(前編)竜は井戸に潜む
新作ではないです。2018夏ホラ投稿作を長めに改訂したもので、エブリスタ掲載していたものです。第3回 yomyom コンテスト用に仕上げたもの。中間までは残ったけど入賞はなし。こちらのサイトにも載せようと思ってたのが、やっとやる気出た。旧作は残してます。
その子の顔を初めて見たのはいつだったろう。僕の少年時代の重要な部分を占めている夏休みの思い出の中に、不穏な影を落とすあの子。それは、いつまでも輪郭のあやふやな染みのように消えずに記憶の奥に残っている。
最初は小学校二年生の夏だったと思う。初めて田舎の祖父の家を訪れて見慣れぬ緑と自然に囲まれ過ごした一週間。その間に、家族で川で遊んでいた時のことだった。

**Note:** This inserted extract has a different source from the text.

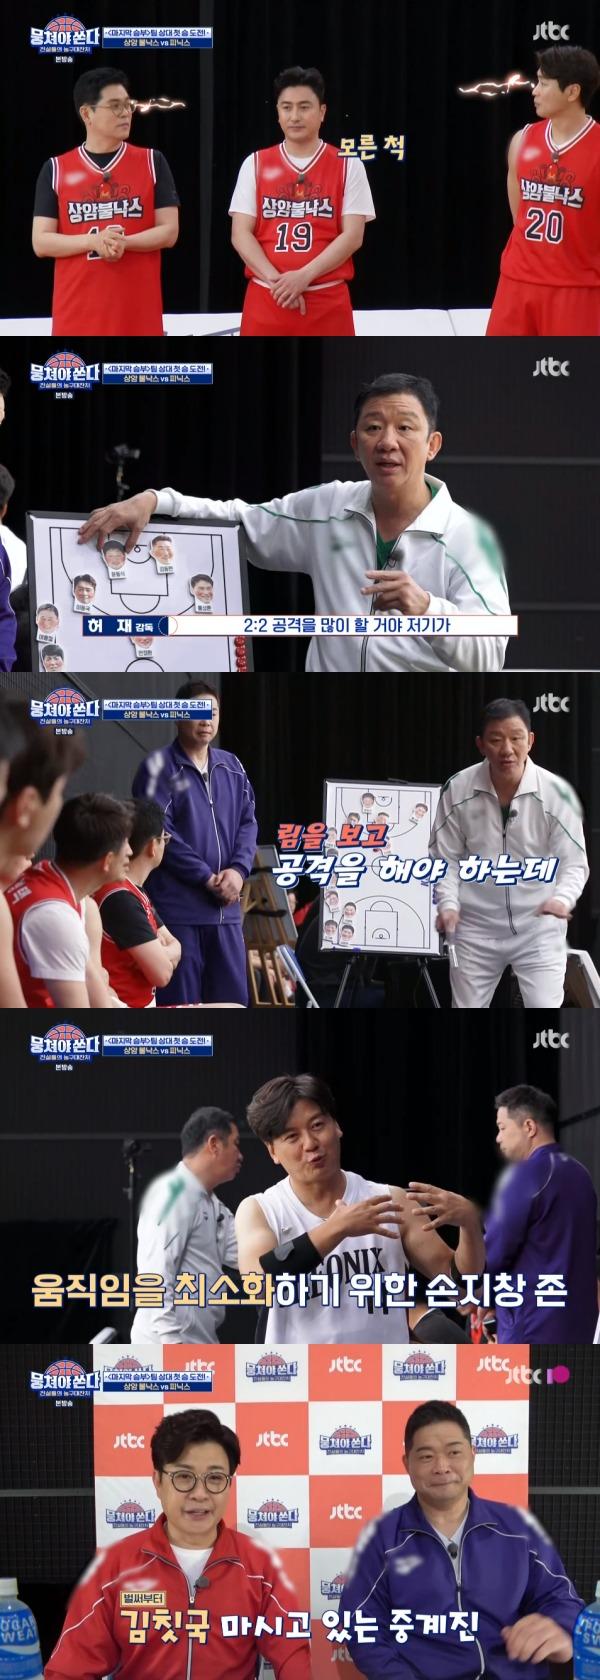 JTBC '뭉쳐야쏜다' 방송 화면 캡처 © 뉴스1

はじめは自分の顔が水面に映っているのだと思った。河岸の岩に腰掛けて色鉛筆で絵を描いていたら、いつのまにかその顔が水面から僕を見ていたのだ。ゆらゆらと水面が動くと、その顔も波打って歪む。笑っているようにも泣いているようにも見える。僕の顔ではない。僕の髪は、こんなに女の子みたいに長くはないし、かといって父と母は少し離れたところで釣りをしていて誰かの顔が映っているわけでもない。僕は手を伸ばして水面の顔に触れてみた。いや、触れてみようとしたが、水の流れと冷たさを感じるだけで、水面に浮かぶ顔に触ることはできない。川の水に溶けるようにその子は消えてしまった。
次にその子を見たのは、翌年、小学三年生の夏休みだった。祖父の家から、もう明日には帰ろうという最後の滞在日。今日こそは川に飛び込むぞと心に決めていた。仲良くなった地元の子供たちと毎日のように川で遊んでいて、彼らが次々と岩の上から川に飛び込む様子を憧れていた。しかし、いざ自分が岩の上に立ってみると、いつも足がすくんでしまっていた。でも今日はそれじゃだめだ、もう明日には家に帰らなきゃならないから。せいぜい大人の背丈くらいでたいした高さじゃないし、スイミングに通っているから泳ぐのは得意だ。大丈夫だと自分に言い聞かせた。余所者の僕のことを仲間に入れてくれたガキ大将のケンちゃんや村の子供たちに、いつまでも弱虫とは思われたくなかった。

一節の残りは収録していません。